Development of innate and adaptive immunity to RSV in young children

Respiratory syncytial virus (RSV) is a ubiquitous single-stranded RNA virus responsible for seasonal epidemics of respiratory disease [1], [2]. Globally, 3.6 million hospitalizations were attributable to RSV in 2019 with over 100,000 deaths in children younger than five years [3]. RSV infection causes a range of symptoms, from mild, cold-like symptoms to respiratory failure and death. In infants, lower respiratory tract infection can manifest with bronchiolitis, or less commonly, viral pneumonia. Bronchiolitis in particular is characterized by lower airway mucous production, recruitment of inflammatory cells and shedding of epithelial cells into the airway lumen, leading to impaired gas exchange and increased work of breathing [4], [5]. This pathology is in striking contrast to older children, who are more likely to exhibit only mild symptoms. At the other end of the age spectrum, adults over 65 years of age, are also at increased risk of severe disease, particularly RSV associated pneumonia. Comorbidities associated with cardiac or pulmonary compromise are also risk factors for severe disease [6], [7]. In otherwise healthy individuals, however, age is the strongest predictor of disease severity, with young infants and older adults most commonly affected [8], [9].

Nearly all children are infected with RSV in the first few years of life, making RSV one of the most frequent and earliest pathogens to engage the immune system [1], [10], [11], [12]. Infection in early life, however, does not result in lasting protective immunity [11]. Recurrent seasonal infections occur throughout life, despite minimal antigenic variability [11], [13], [14]. Age-associated changes in the immune system occur from infancy to adulthood and influence pathogen-specific memory responses and disease outcomes that can shape the host response to RSV. The fetal immunologic environment is more tolerogenic, which is protective for the mother and the fetus [15]. The transition from the intrauterine environment requires immunologic development and education in post-natal and early childhood when infants are vulnerable to RSV infection. Neonatal immune responses can be less responsive, more inhibitory and less proinflammatory compared to their adult counterparts [16] with non-robust T helper type 1 (Th1) responses. As a result, newborns are often more susceptible to intracellular pathogens. In addition to the morbidity associated with acute RSV infections, early life exposure to RSV has been associated with perturbations in the immune system increasing the risk of wheezing [17], [18], [19], [20], [21].

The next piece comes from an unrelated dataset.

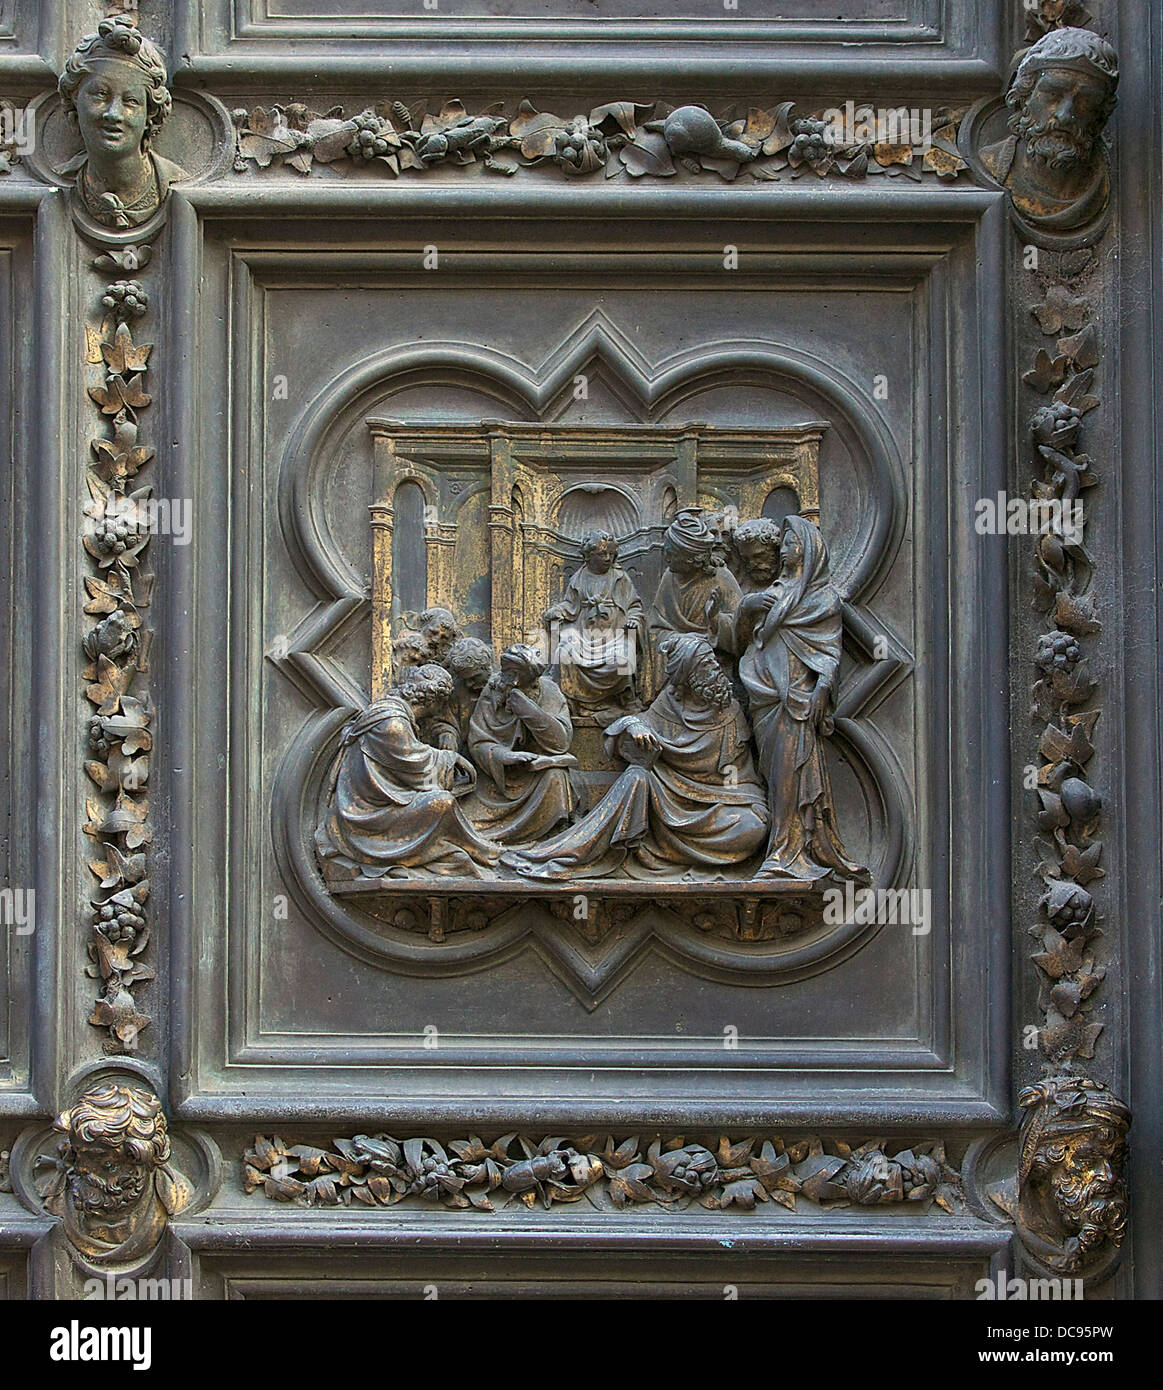 Gesù fra i dottori, targa di bronzo della Porta Nord del Battistero di Firenze, Italia. Foto Stock

With no effective anti-viral treatments available, current efforts are aimed at infection prevention. Two vaccines platforms based on the prefusion structure of the fusion (F) protein of RSV have recently been developed for those over 60 years of age [22], [23] given this population’s risk of severe disease, which is similar to that of influenza. A maternal vaccination strategy built on the stabilized prefusion structure of the F protein was also FDA approved in 2023 for administration between 32 and 36 weeks of gestation to provide passive protection for infants via placental transfer of maternal antibodies [24]. In addition, a monoclonal antibody that binds to the prefusion structure of the F protein, nirsevimab, has also been FDA approved, which has a longer half-life than the prior licensed monoclonal antibody and has the advantage of one administration per RSV season rather than monthly doses [25]. Gaps in scientific knowledge regarding mucosal immunity and age-dependent regulation of immune responses remain and limit infection-preventing vaccine development for the youngest and most vulnerable age groups.

This review will examine the mucosal, cellular, humoral and cytokine driven sources of anti-RSV immunity in children. Given logistical and safety limitations of studying RSV in infants, much of the data from human pediatric studies is observational or derived from murine models and in vitro studies. Overall, we will review age-attributable differences in the development of immunity to RSV and how differences between infection in children and adults provide insight into disease pathogenesis.